About the role:
As a lead in product security, you will play a pivotal role in championing security throughout the entire product development lifecycle. You will collaborate with engineering, product management, and other stakeholders to identify and mitigate security risks, ensuring our products are built with security and compliance in mind.
What You Will Be Doing:
- Lead and participate in security assessments, threat modeling, and penetration testing activities for new and existing products.
- Define and implement a comprehensive product security strategy, aligning it with business objectives and industry best practices.
- Develop and maintain secure coding practices and security engineering standards for the development team.
- Automate repetitive processes and write internal tools to boost productivity and visibility
- Foster a culture of security awareness within product teams and educate them on security best practices.
- Collaborate with product managers to integrate security considerations into the product development lifecycle.
- Stay up-to-date on the latest security threats and vulnerabilities and proactively address them.
- Manage and prioritize product security vulnerabilities, working with engineering teams to implement effective remediation plans.
- Develop and maintain security documentation, including threat models, security requirements, and incident response plans.
- Track and report on product security metrics and communicate the security posture of products to stakeholders.
- May participate in security incident response activities and provide guidance on mitigation strategies.

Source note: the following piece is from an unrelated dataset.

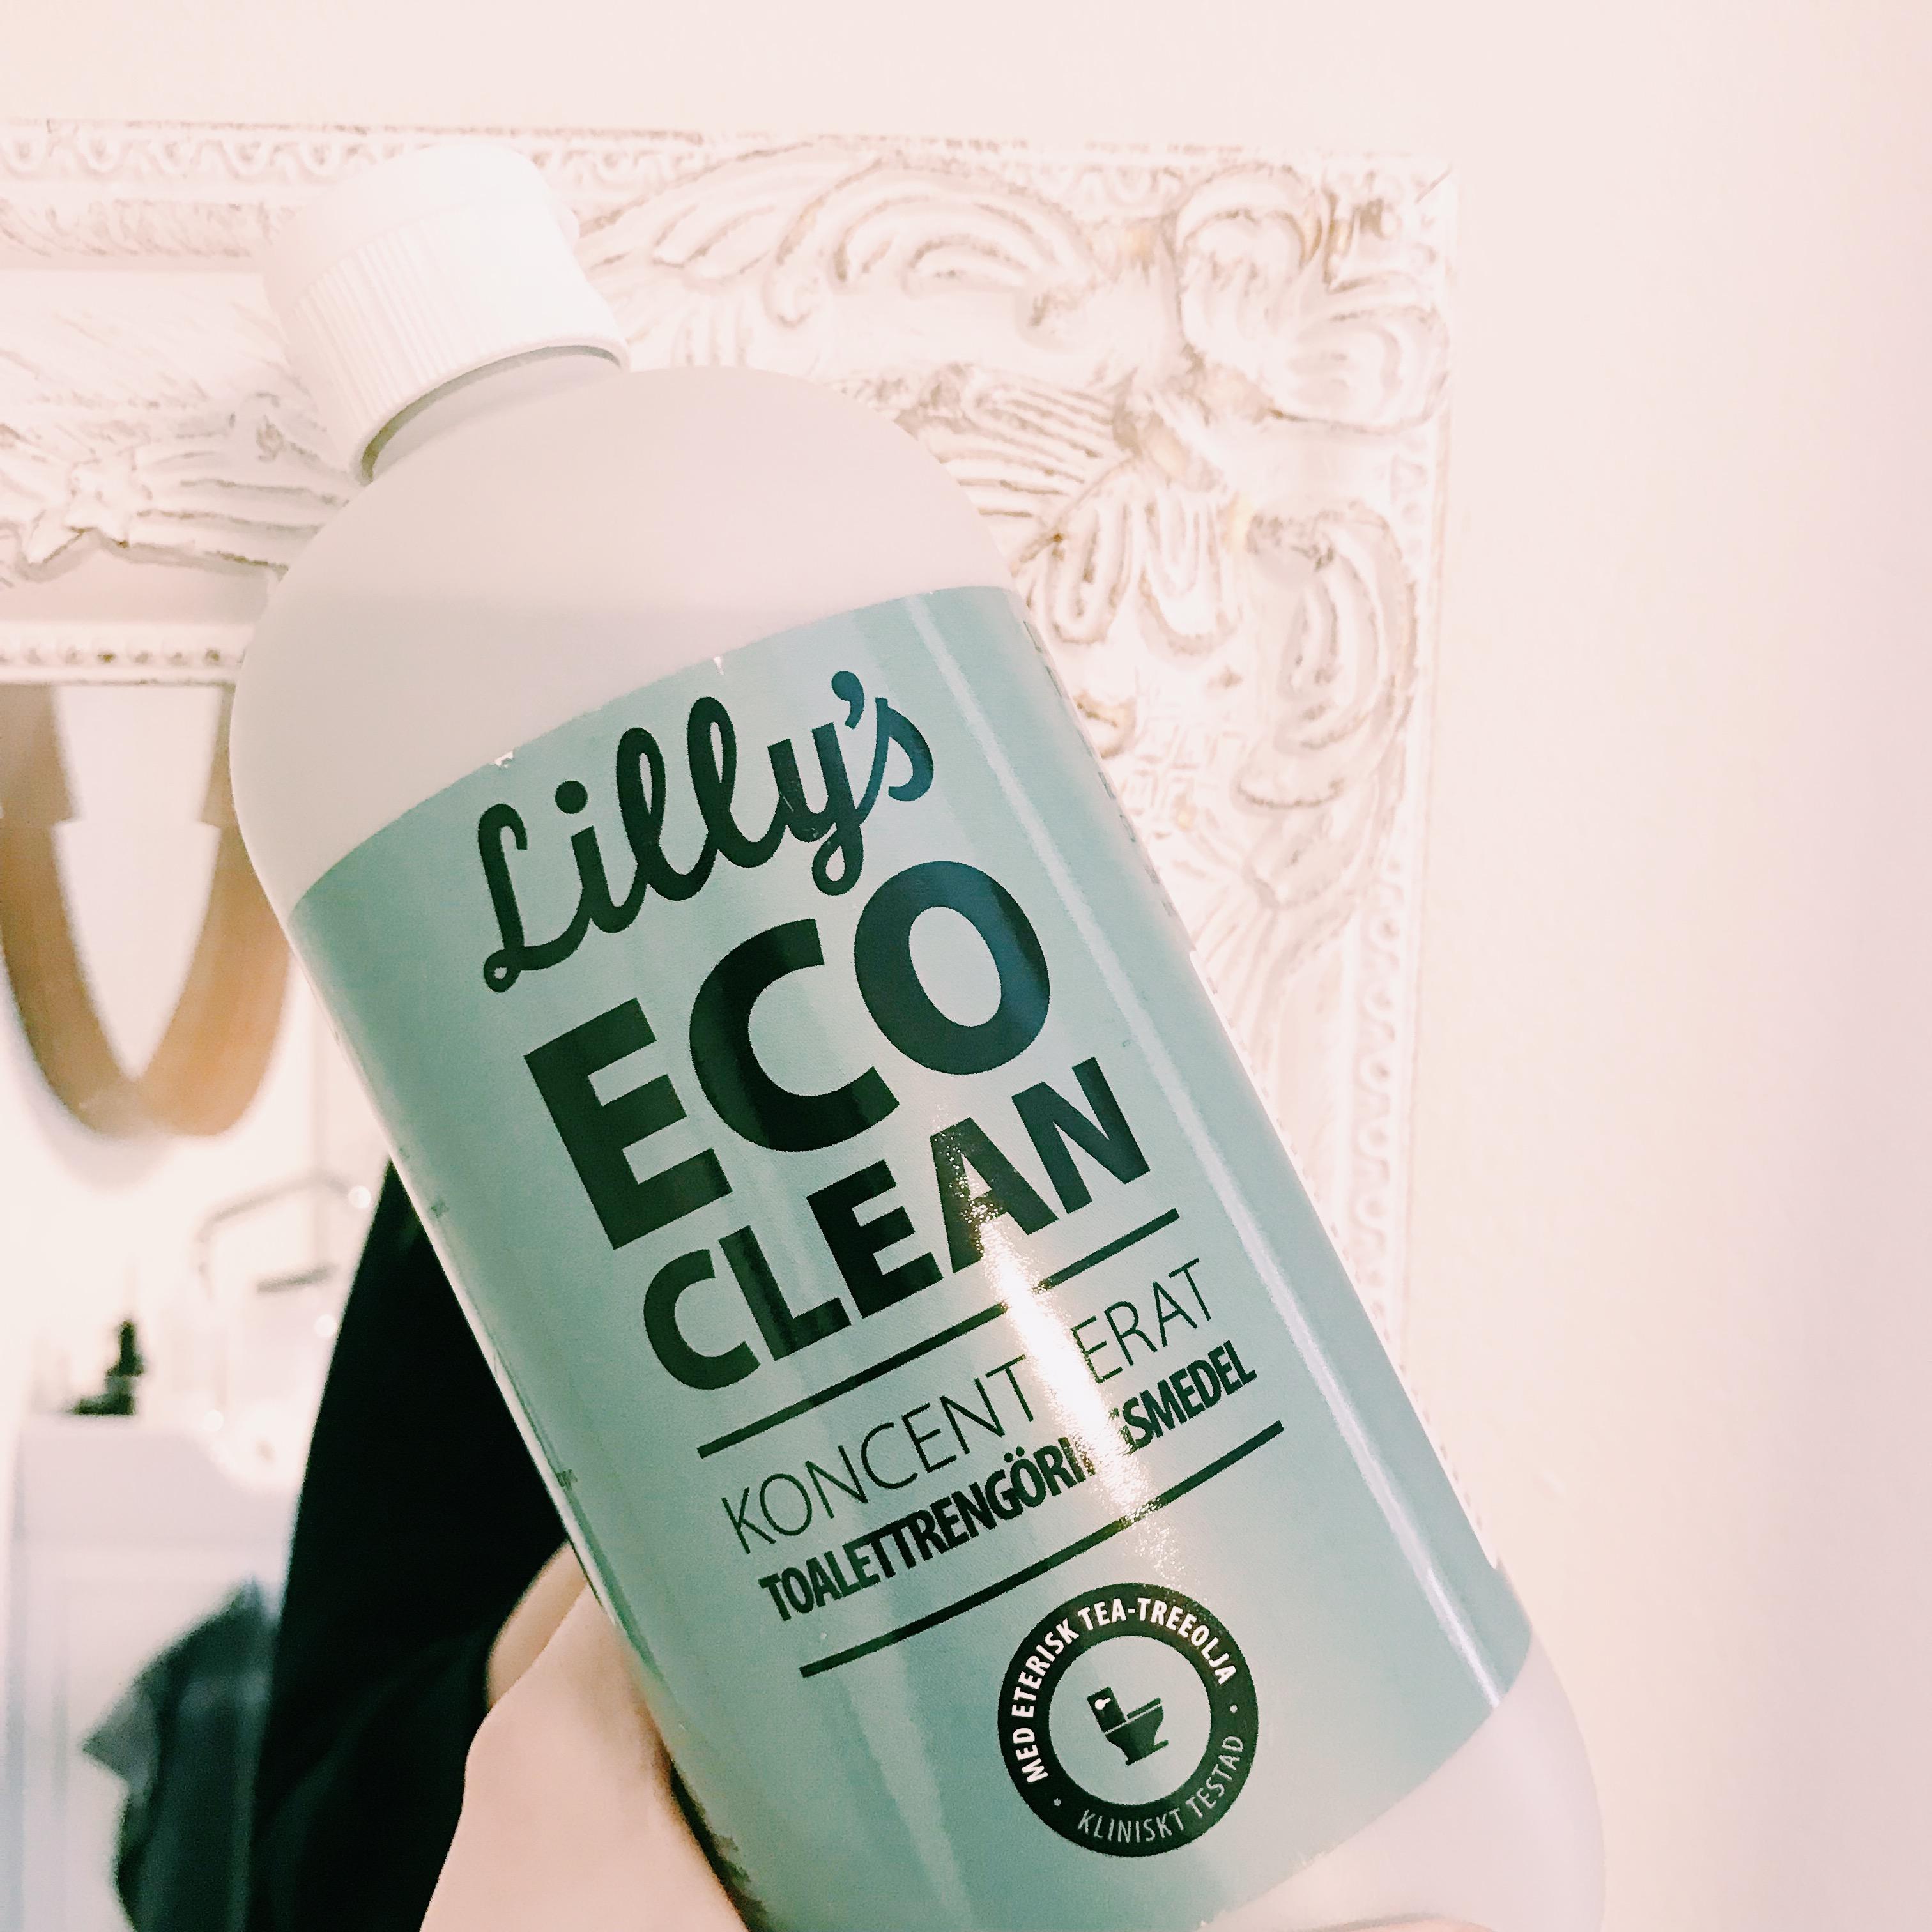 miljövänlig toalettrengöring - lillys eco clean

What You Will Need for this Position:
- Minimum 5+ years of experience in product security or a related field.
- Proven experience in security assessments, threat modeling, code reviews, and penetration testing methodologies.

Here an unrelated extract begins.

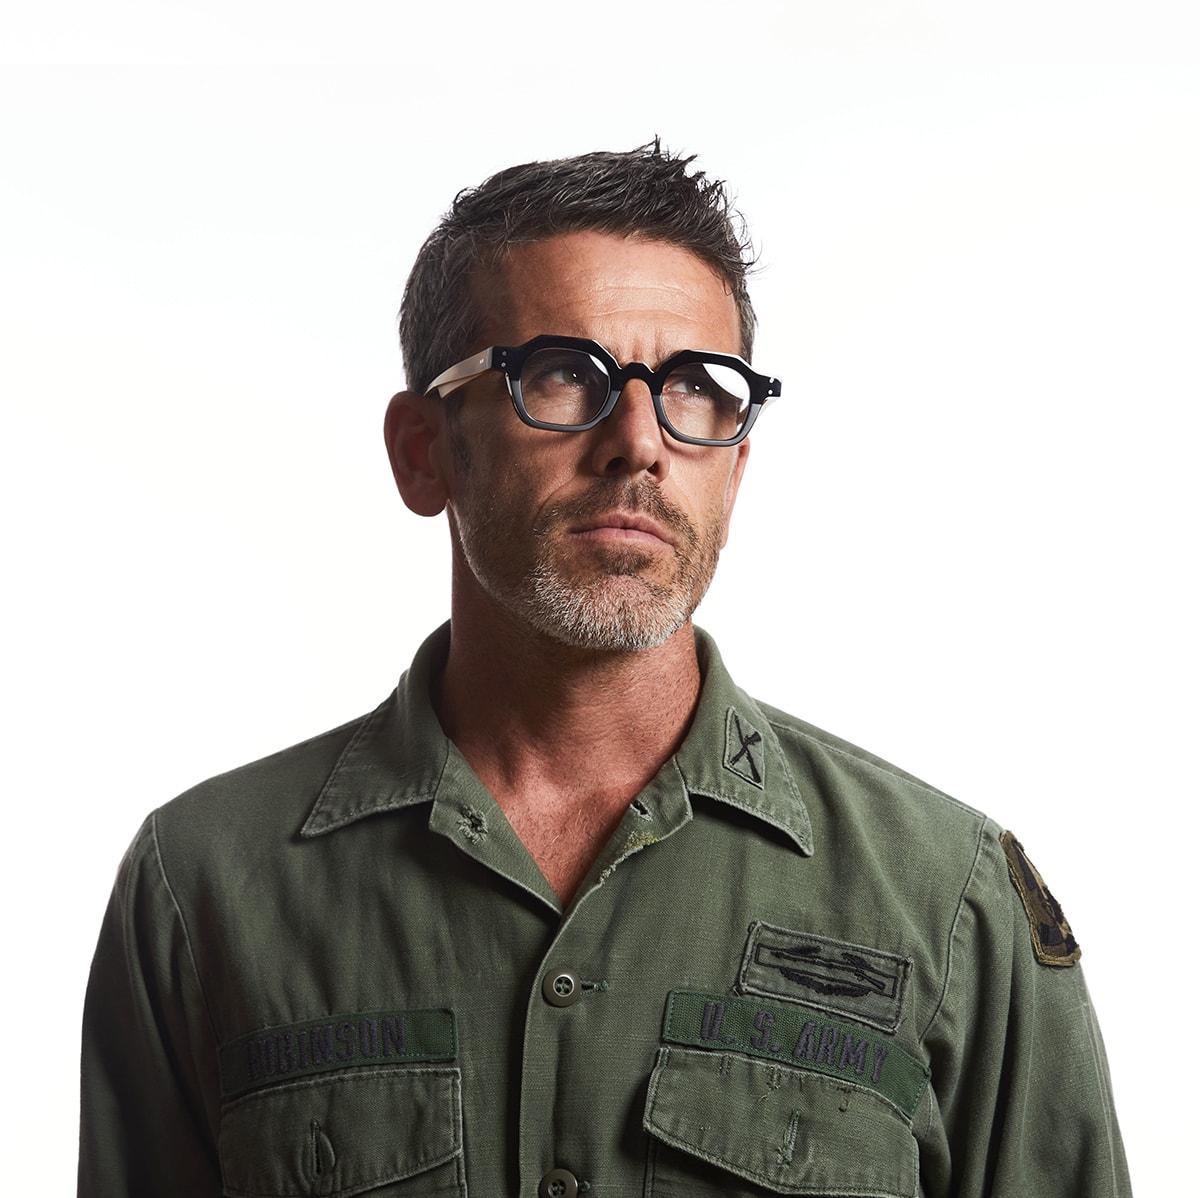 JPJ Model Director - Optical Eyewear

- In-depth understanding of secure coding practices and secure software development life cycle (SDLC) principles.
- Scripting experience in Bash, Python, etc.
- Experience in AWS infrastructure security will be an added advantage
- Excellent communication, collaboration, and interpersonal skills with the ability to effectively influence cross-functional teams.
- Strong analytical and problem-solving skills.
- Ability to prioritize tasks and manage multiple projects simultaneously.
- A passion for building secure products and fostering a security-conscious culture.
- Experience with common security tools and frameworks (e.g., OWASP, CWE) a plus.
- Certifications in security (e.g., OSCP) is a plus.